About
Eliot Merrill

Eliot Merrill

Eliot Merrill is a career private equity investor with roughly 25 years of experience: 22 years at The Carlyle Group (2001–2025) and about four years earlier at Freeman Spogli & Co. He joined Carlyle in 2001 and was promoted to Managing Director in the class announced in January 2007, focused on U.S. buyout opportunities in the telecommunications and media sectors.

In 2014, Carlyle launched Carlyle Global Partners (CGP), its first long-dated private equity fund, and Mr. Merrill became Co-Head alongside Tyler Zachem.
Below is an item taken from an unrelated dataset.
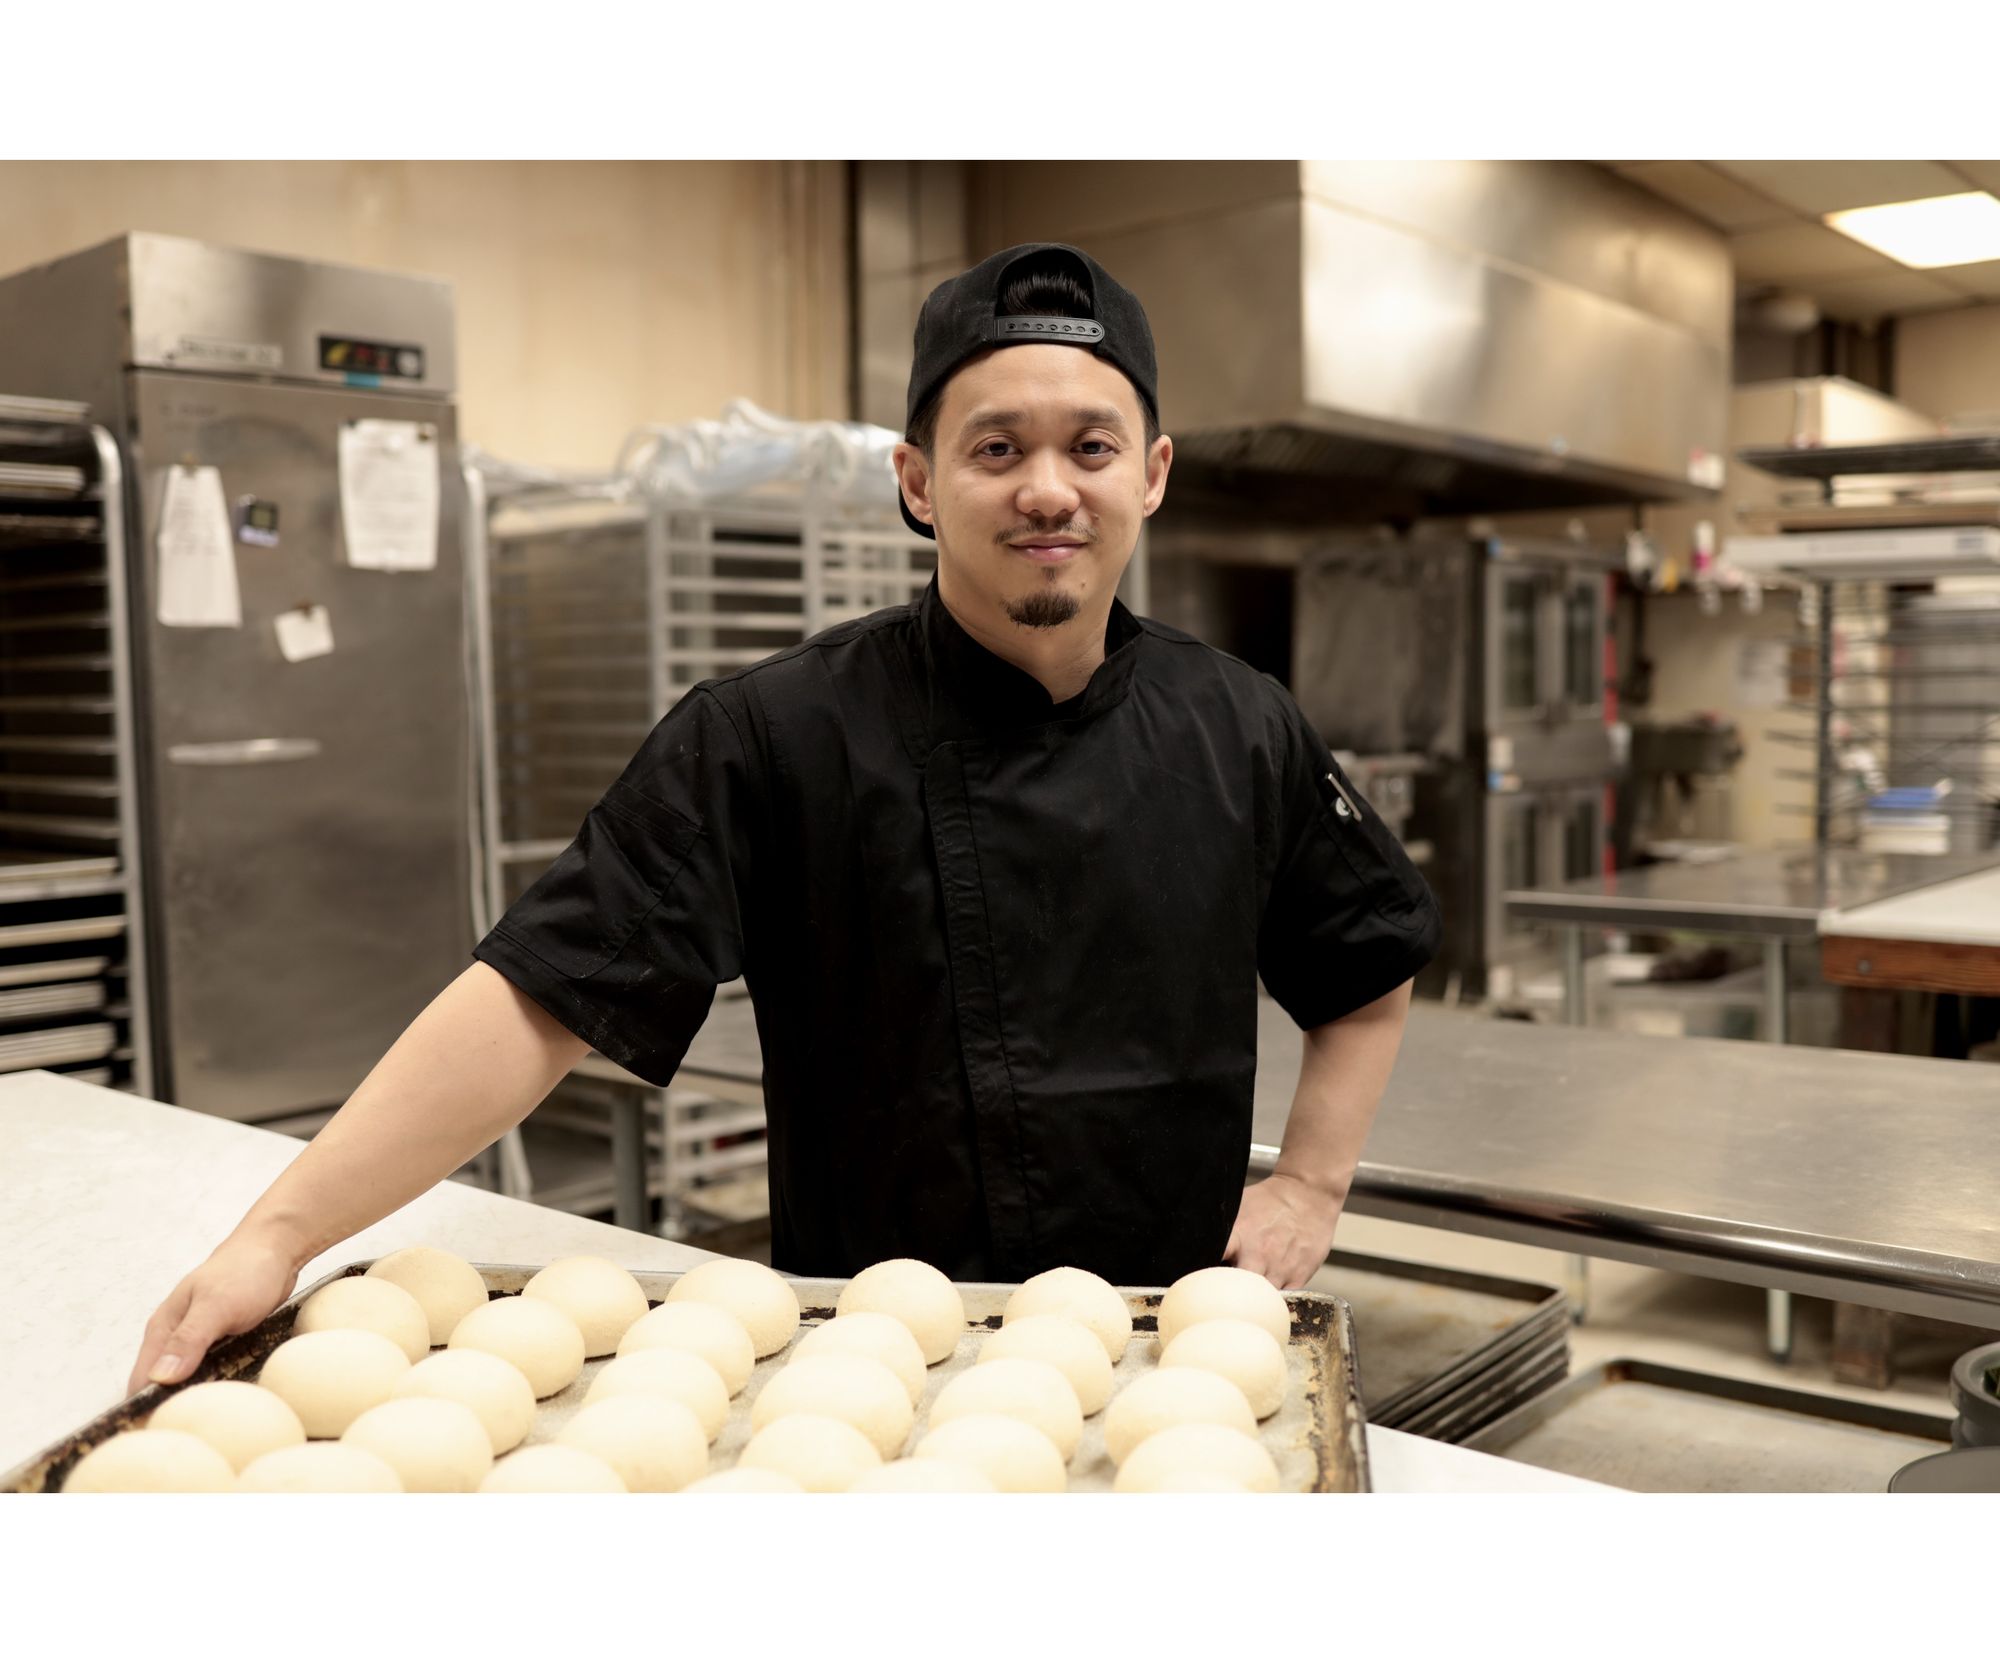 A Dozen Pandesal at a Time - Angie’s Bakery

Carlyle announced in October 2016 that CGP had raised $3.6 billion, with a mandate to invest alongside owners and management teams for 10 to 15 years, far longer than the industry's typical three-to-five-year hold. A second fund, Carlyle Global Partners II, followed beginning around 2019. In later biographies, Mr. Merrill is described as sole Head of Carlyle Global Partners.

Among the deals he led or was closely involved in: the 2012 acquisition of Getty Images from Hellman & Friedman for $3.3 billion, where he joined the board; CGP's investment in NEP Group, the outsourced broadcast and live-event production company; and CGP's 2019 investment in TAMKO Building Products.

His deepest, most citable credential is board governance: across his career he has served as a director of public and private companies spanning media, entertainment, asset management, industrials, and building products. A full list appears on the Track Record page.

Before Carlyle, Mr. Merrill was a Principal at Freeman Spogli & Co., a buyout fund, and worked in the Mergers & Acquisitions group at Dillon Read & Co. from 1995 to 1997. He holds an A.B., magna cum laude, from Harvard College. He now teaches as an adjunct professor at NYU Stern, leading FINC-UB 32, Private Equity Finance, in the spring semesters, and serves on the National Board of the Trust for Public Land.

The Name

Why Arcadia

Long before Mr. Merrill founded his advisory practice, Arcadia was the name of his own sailboat, home-ported in St. George, Maine. Sailing runs through his earliest career, too: his first job was as a sail consultant and special-project coordinator at Doyle Sailmakers.

Arcadia, under sail in the North Atlantic.

The same patience and stewardship a long ocean passage demands is the philosophy behind the firm: durable, long-term thinking over short-term exits, the same instinct that shaped Carlyle Global Partners' decade-plus investment horizons.